BEGIN

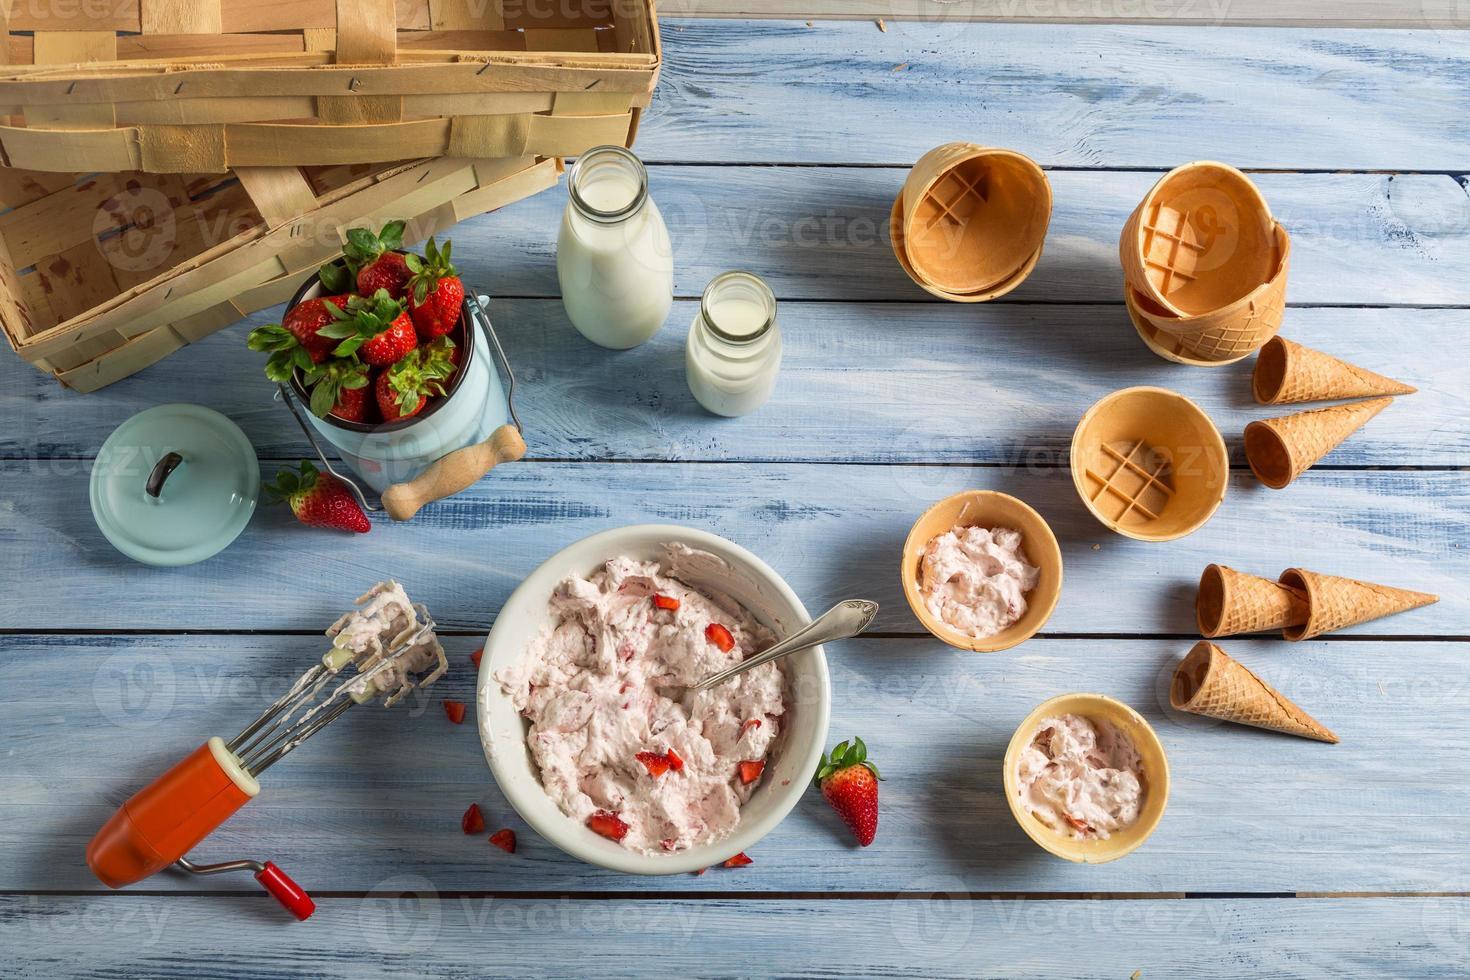 preparando sorvete caseiro de frutas foto
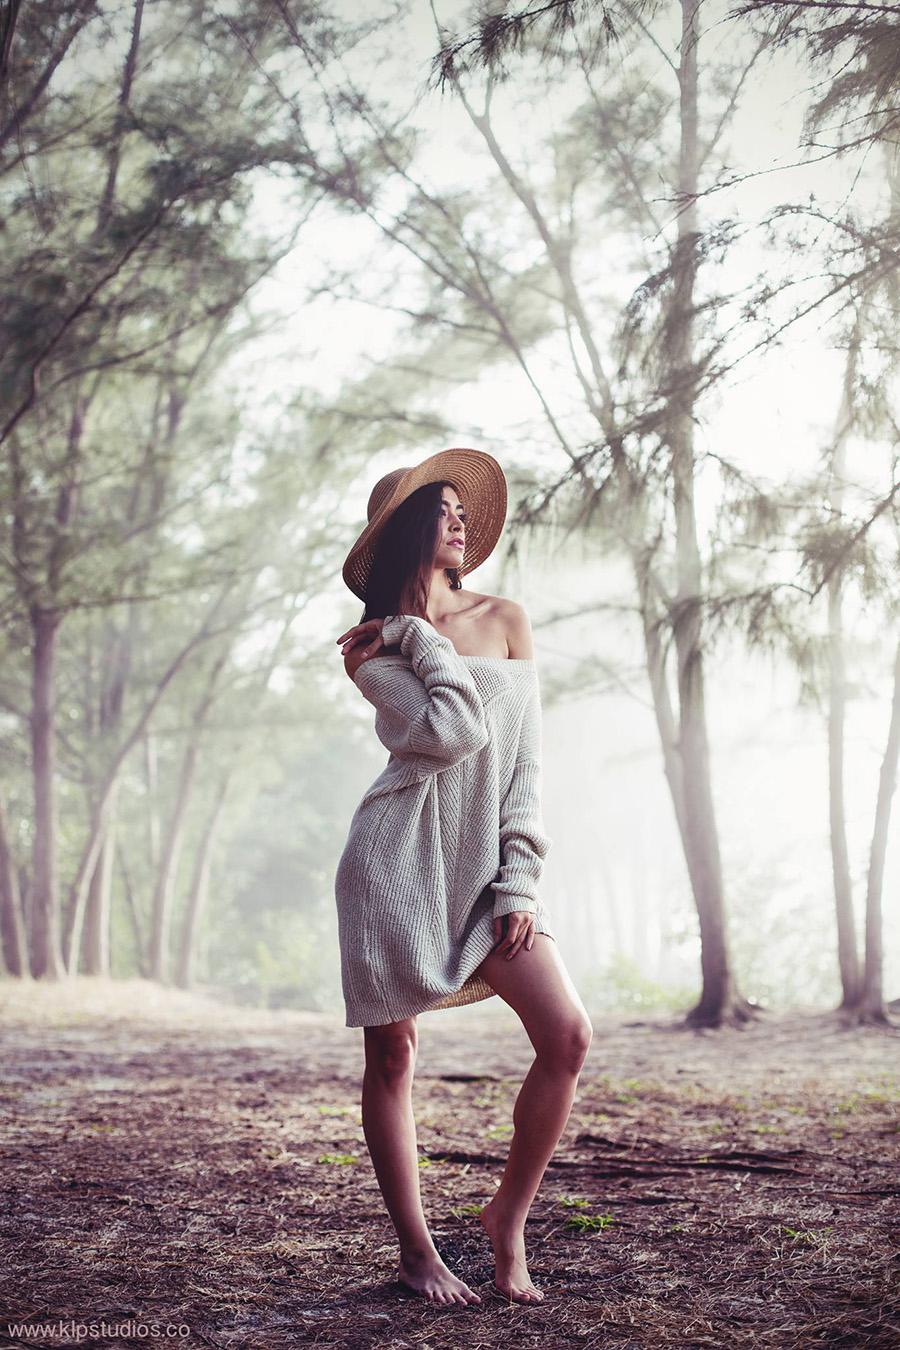 Krista LaJara Photography - PS Action   Daisy
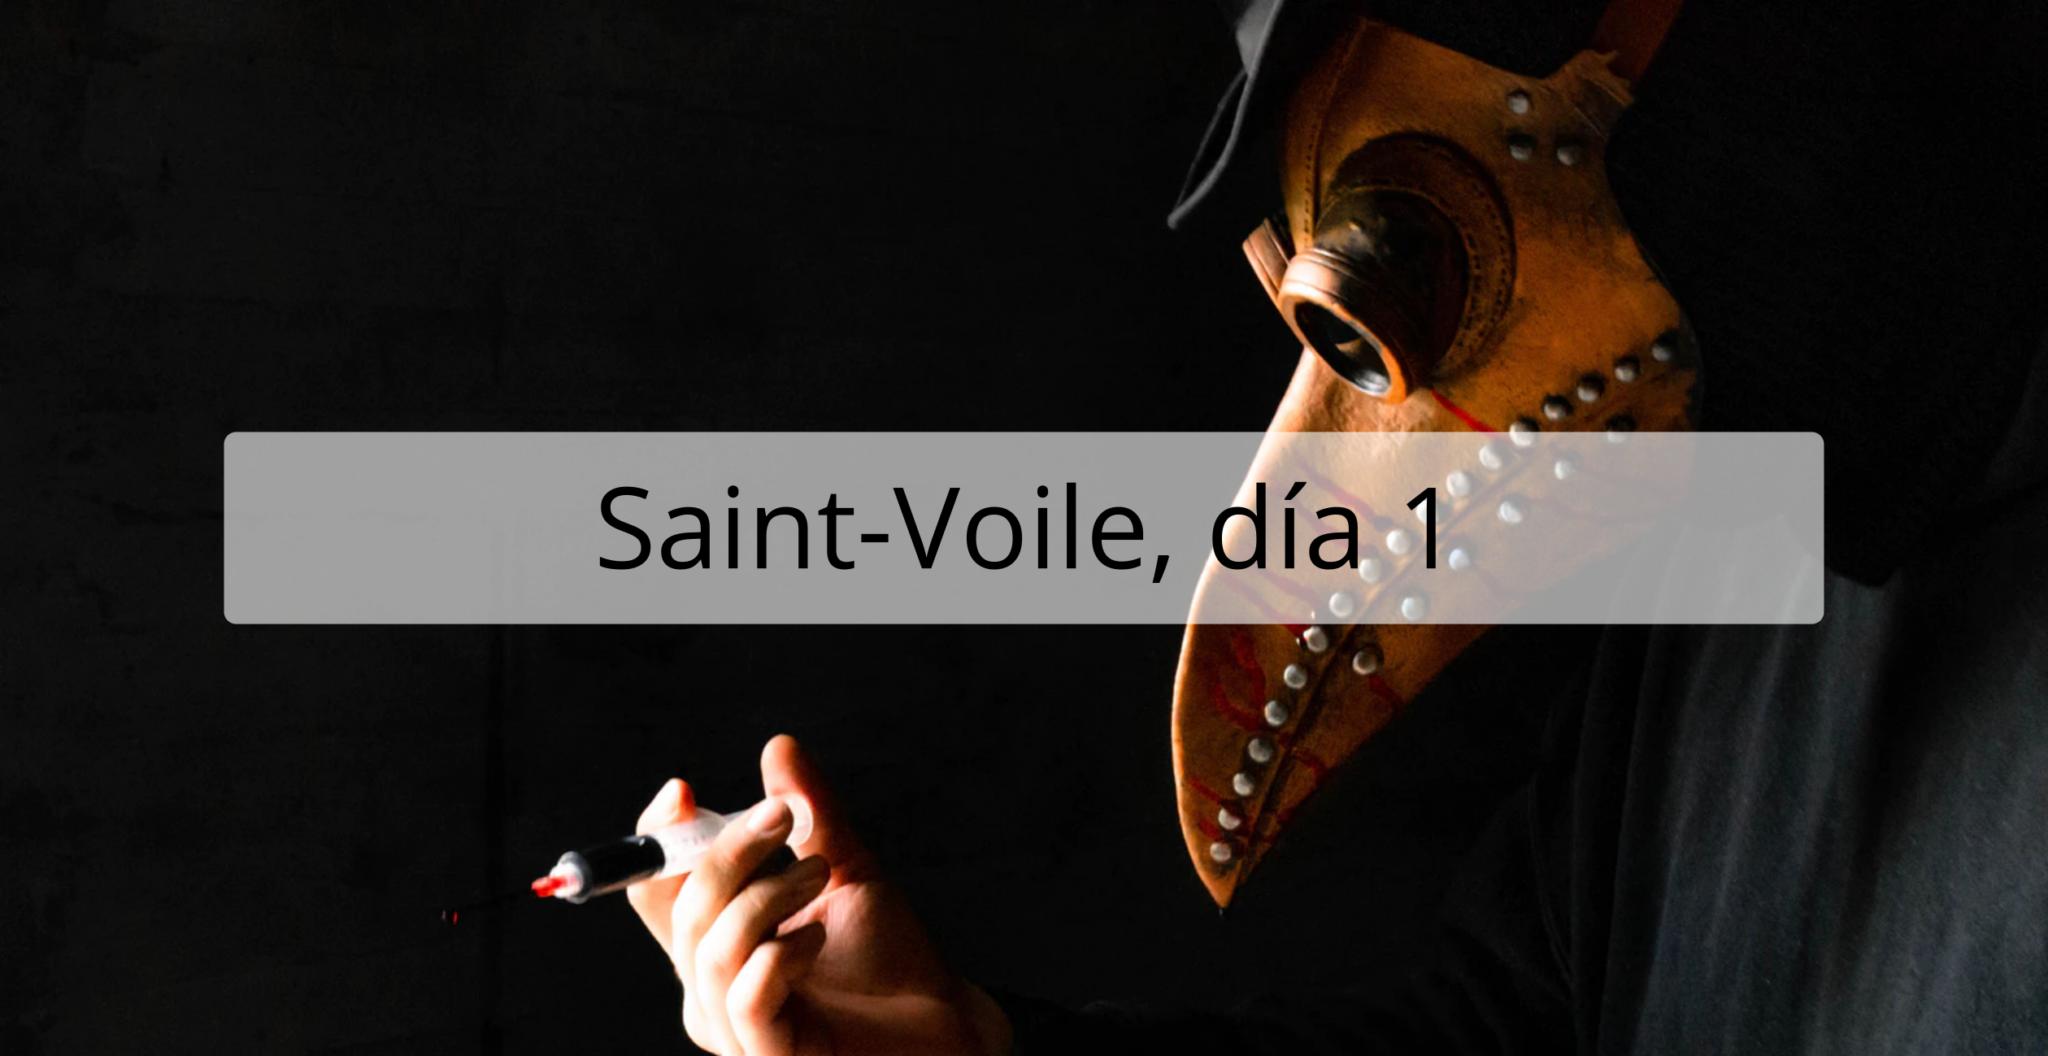 Resistencia Lúdica - Saint-Voile, día 1 (Macadabre)
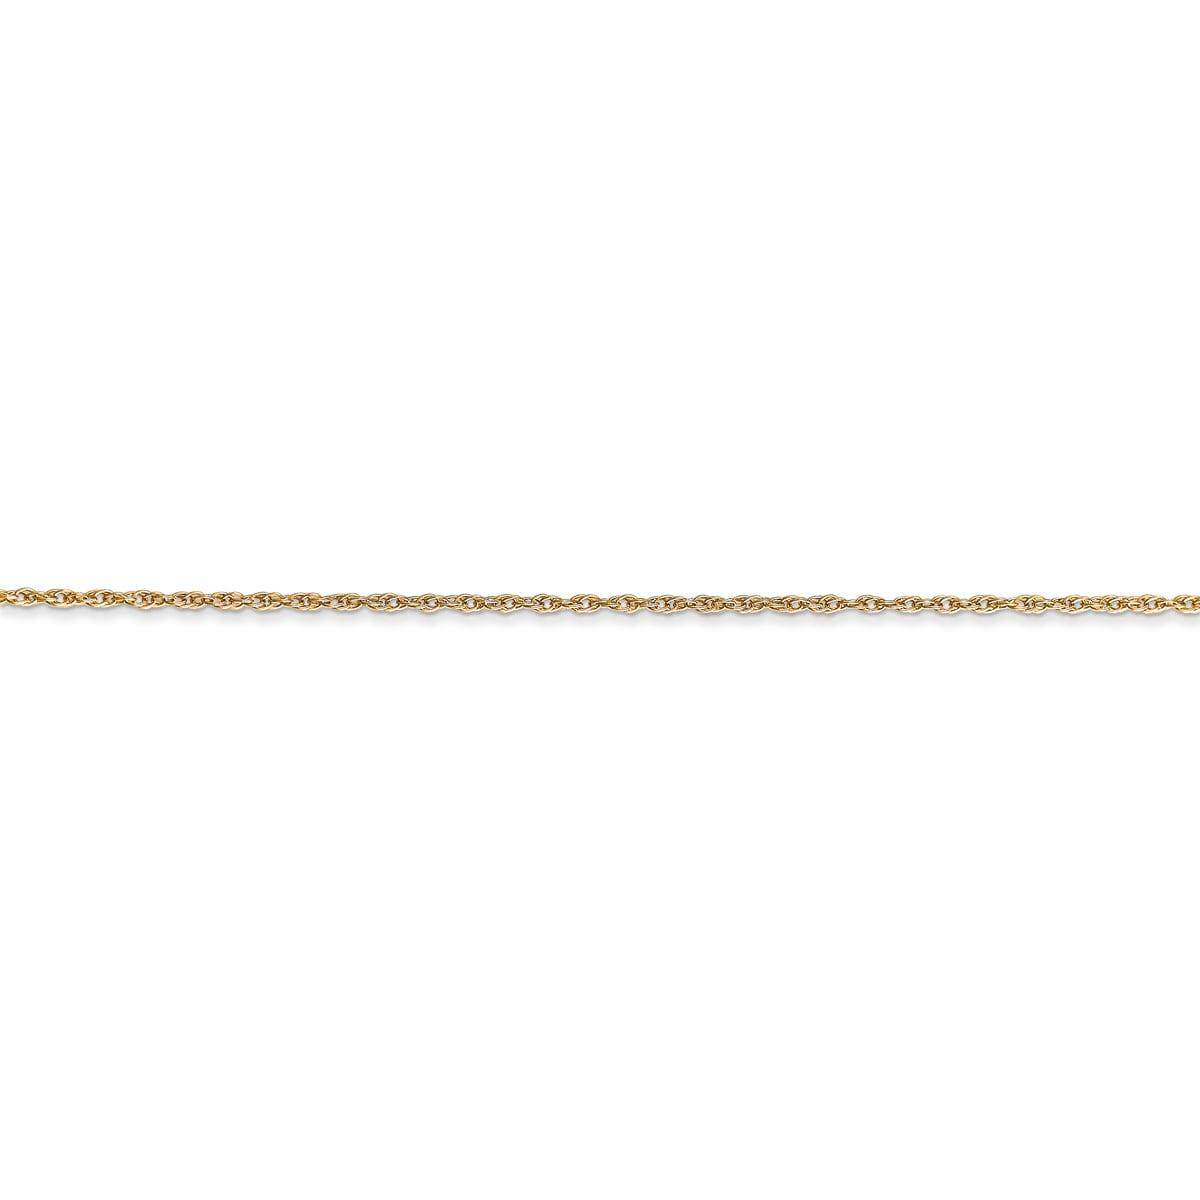 Versil 14k Yellow Gold 0.8mm Light-baby Rope Chain Neckla...
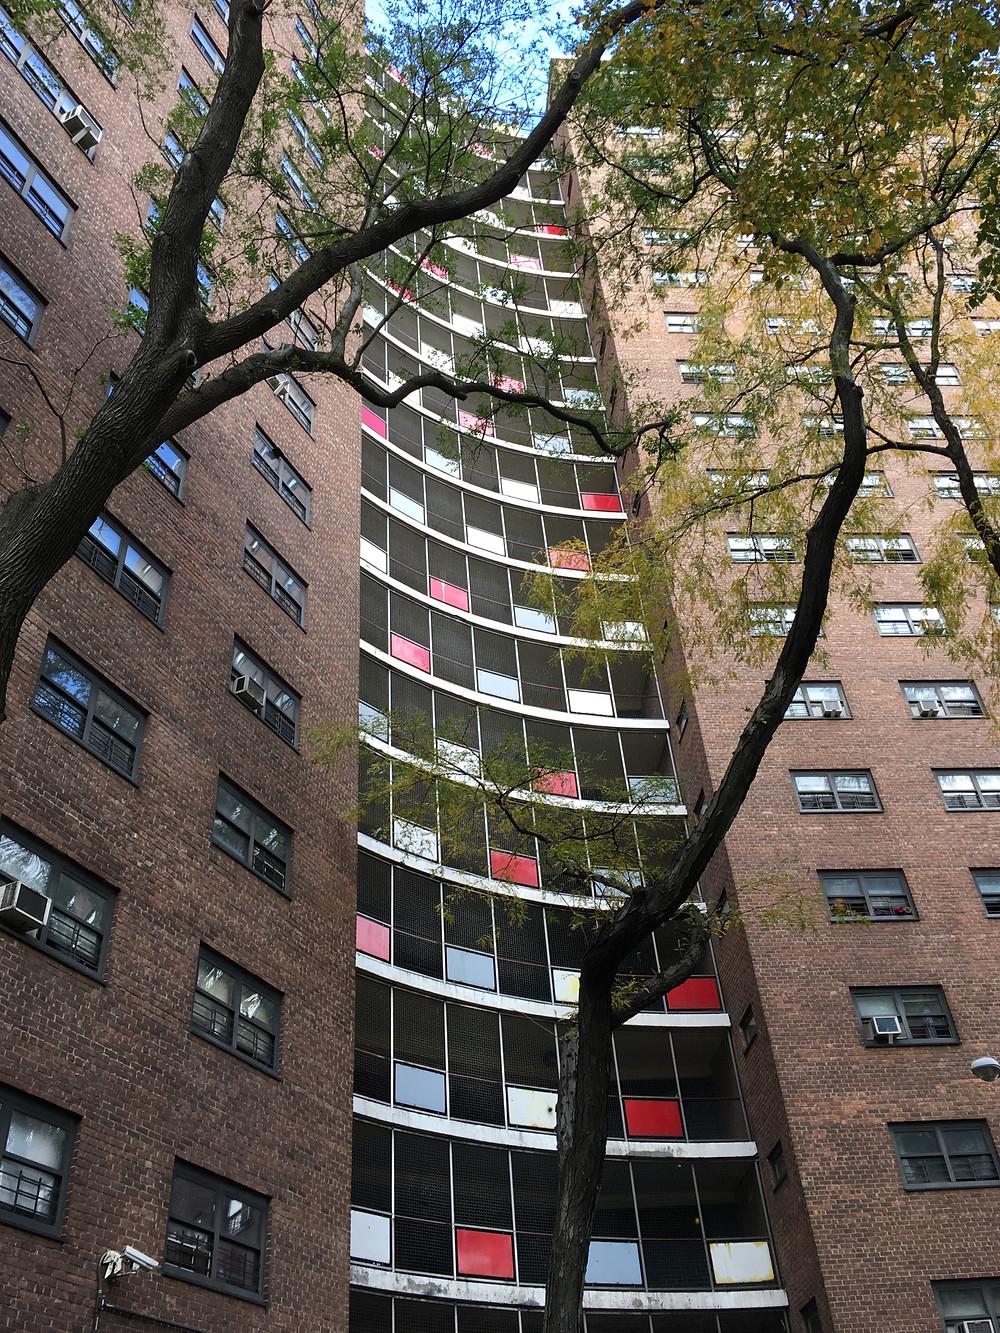 Manhattanville Houses designed by William Lescaze

END

WHAT YOU SHOULD DO
Print each line from the one containing "Versil 14k Yellow" through the last line of the listing, both included, exactly and with no pictures.

EXERCISE OUTPUT
 Versil 14k Yellow Gold 0.8mm Light-baby Rope Chain Neckla...
 Manhattanville Houses designed by William Lescaze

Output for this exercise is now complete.